■ **TASK REQUIREMENTS**: Exact reproduction is required for the lines below starting at the line with "Bukhara earrings" and ending at the line with "para telhado Suportes", both included. No other lines, and no pictures.
** Opening EXERCISE MATERIAL block **
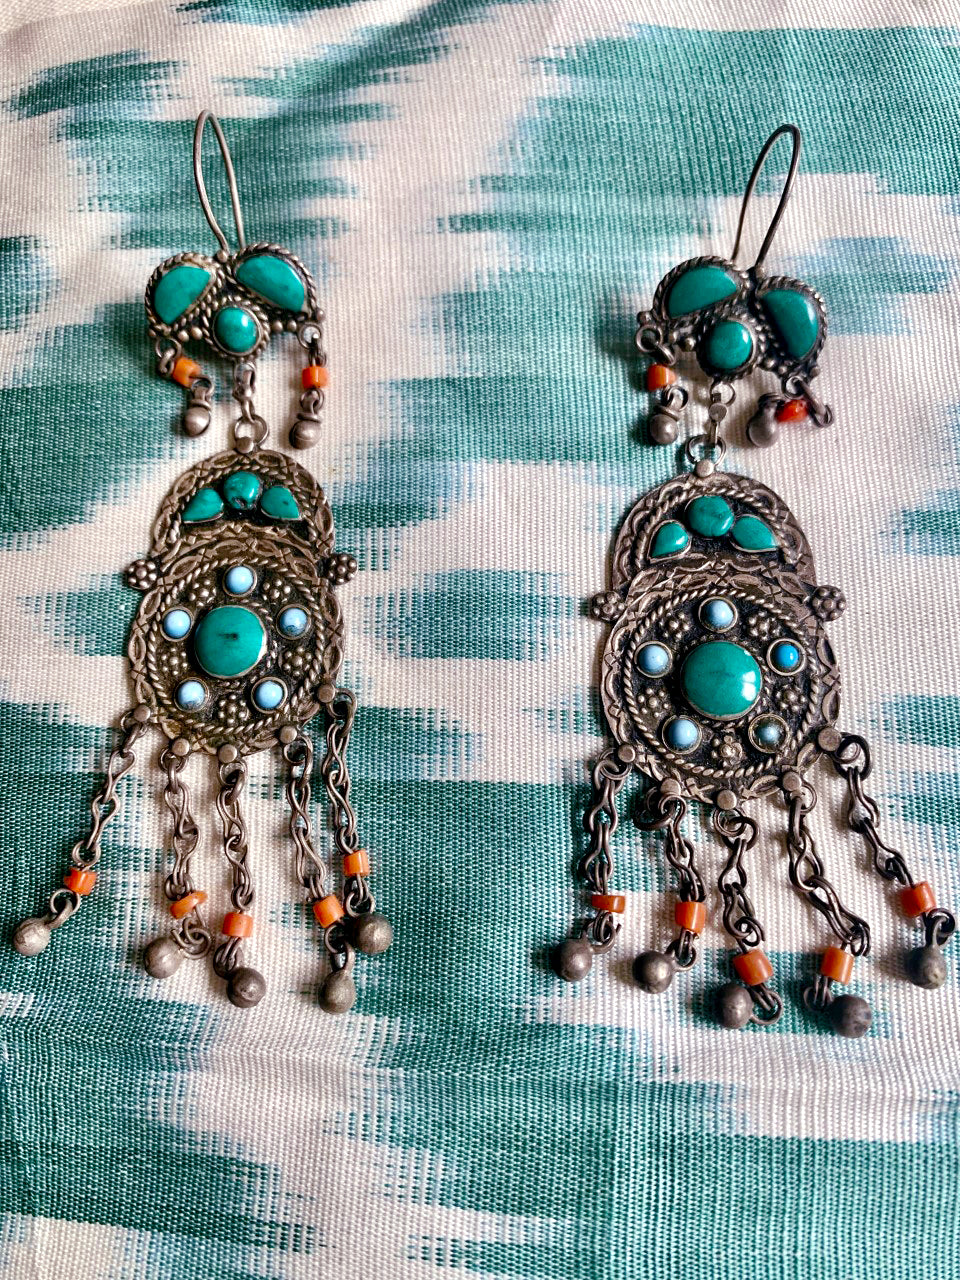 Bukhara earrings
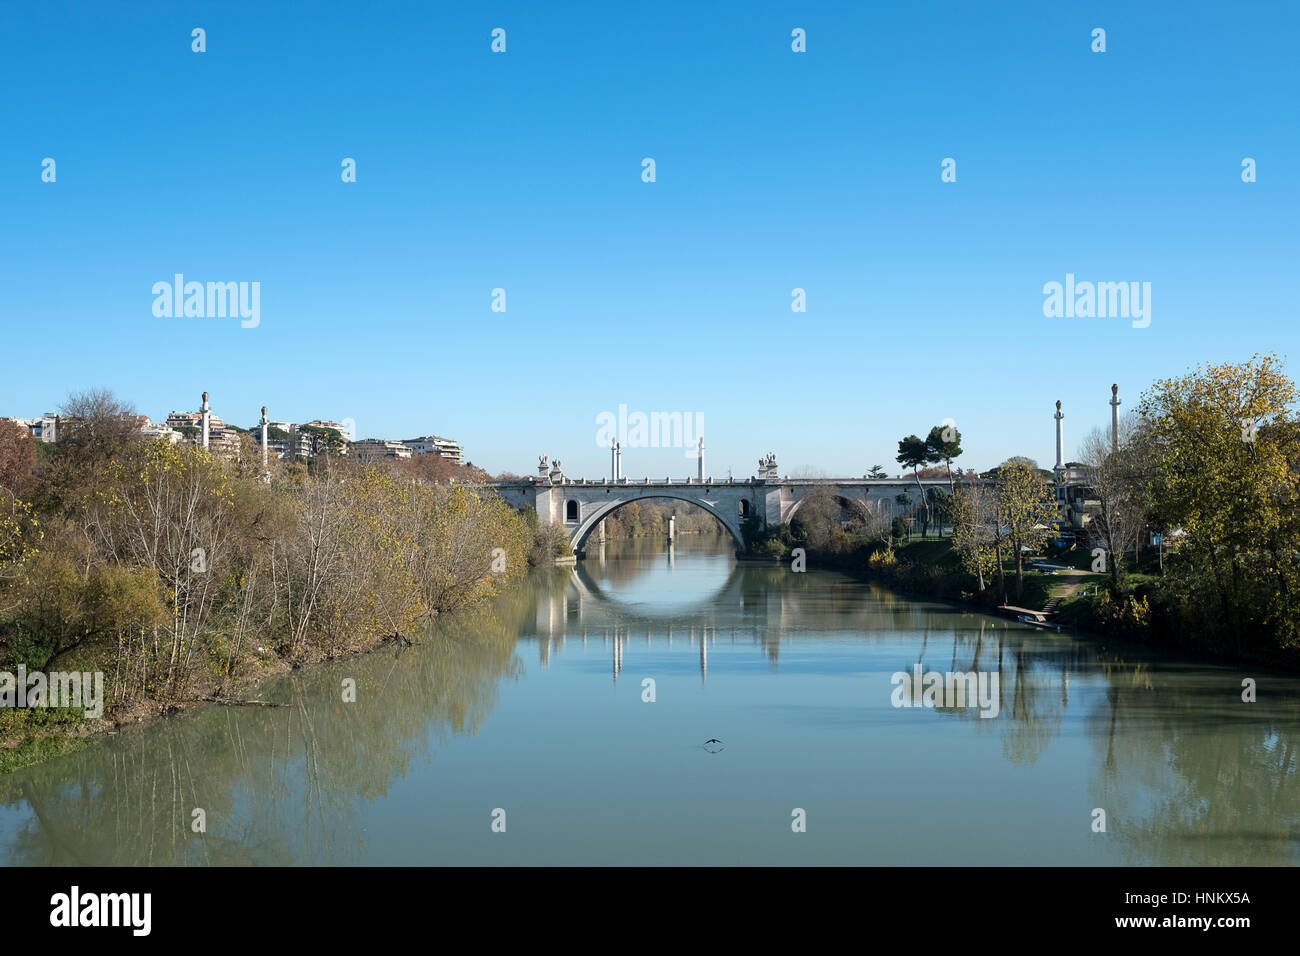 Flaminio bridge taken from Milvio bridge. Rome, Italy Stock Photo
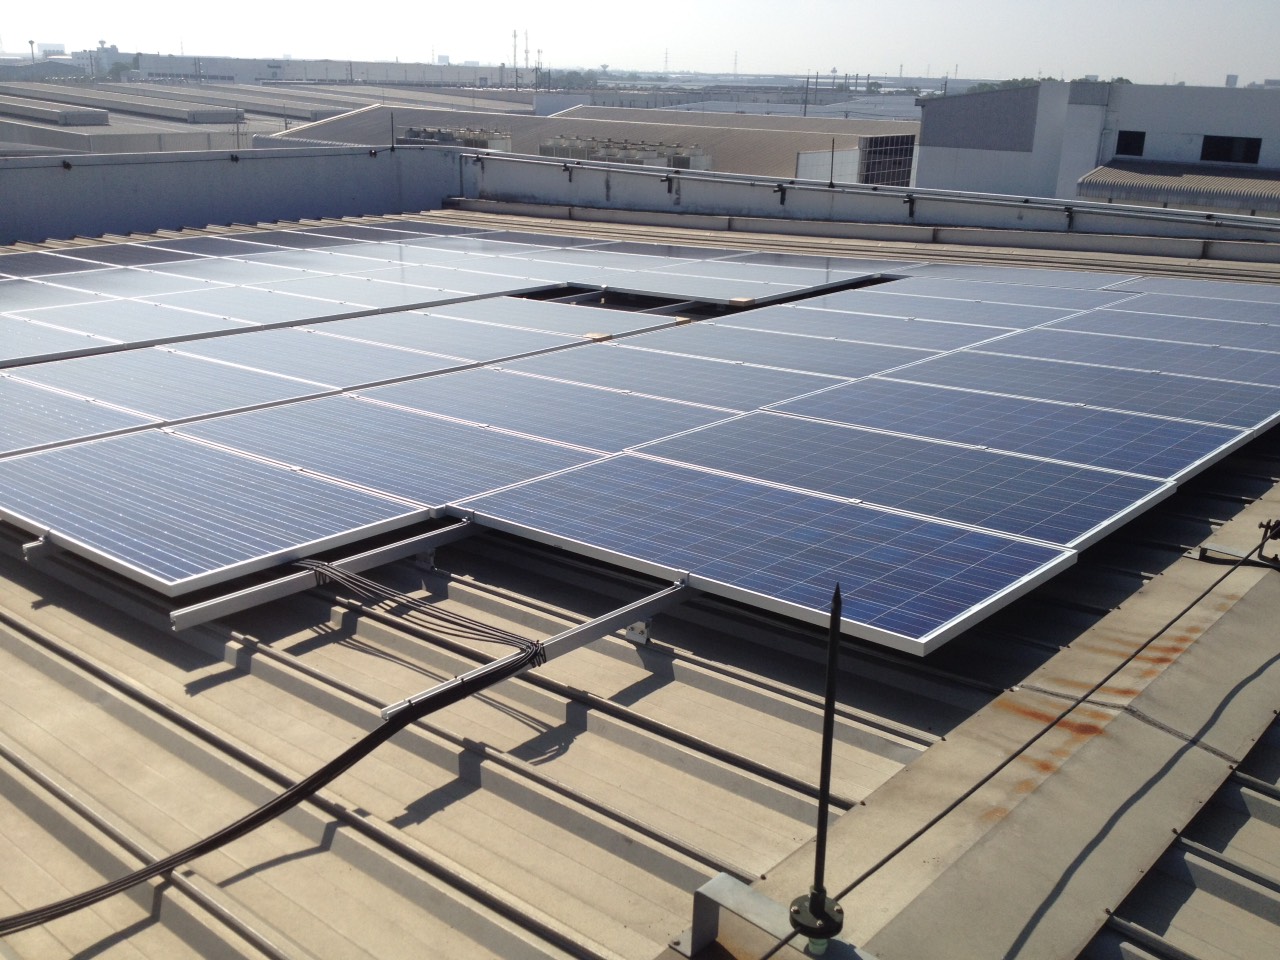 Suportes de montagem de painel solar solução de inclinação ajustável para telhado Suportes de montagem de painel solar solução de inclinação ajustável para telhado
** Closing EXERCISE MATERIAL block **
** Opening EXERCISE MATERIAL block **
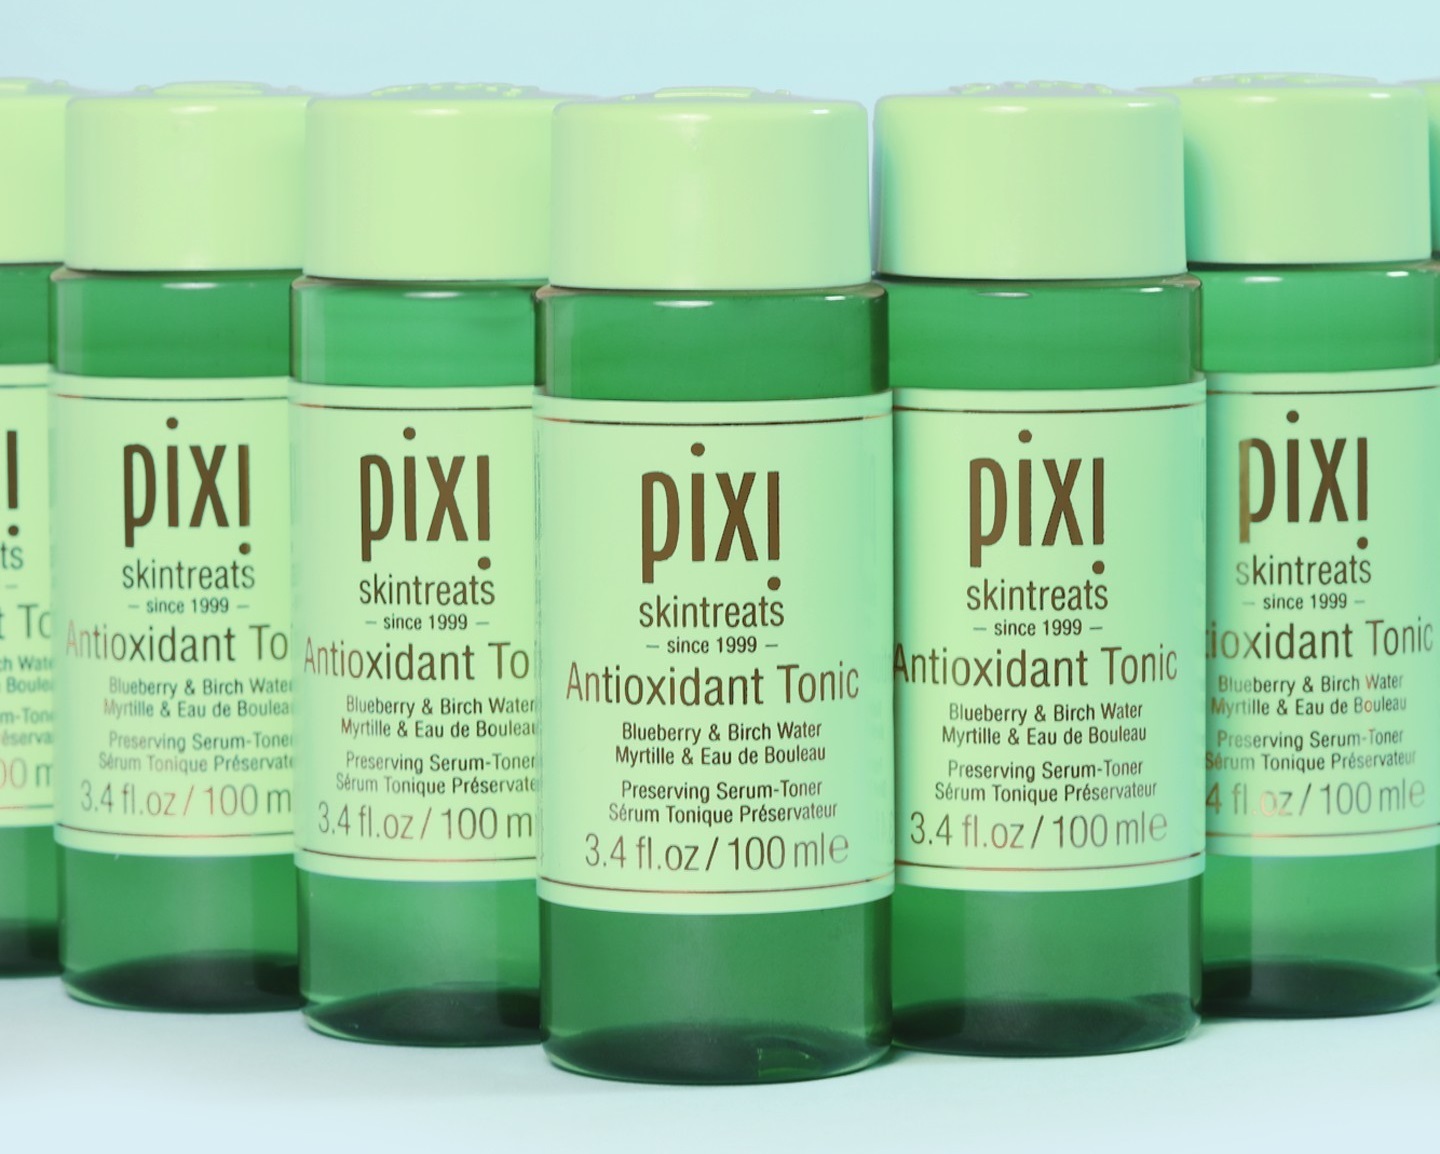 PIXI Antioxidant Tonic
** Closing EXERCISE MATERIAL block **
■ **RESPONSE**:
 Bukhara earrings
 Flaminio bridge taken from Milvio bridge. Rome, Italy Stock Photo
 Suportes de montagem de painel solar solução de inclinação ajustável para telhado Suportes de montagem de painel solar solução de inclinação ajustável para telhado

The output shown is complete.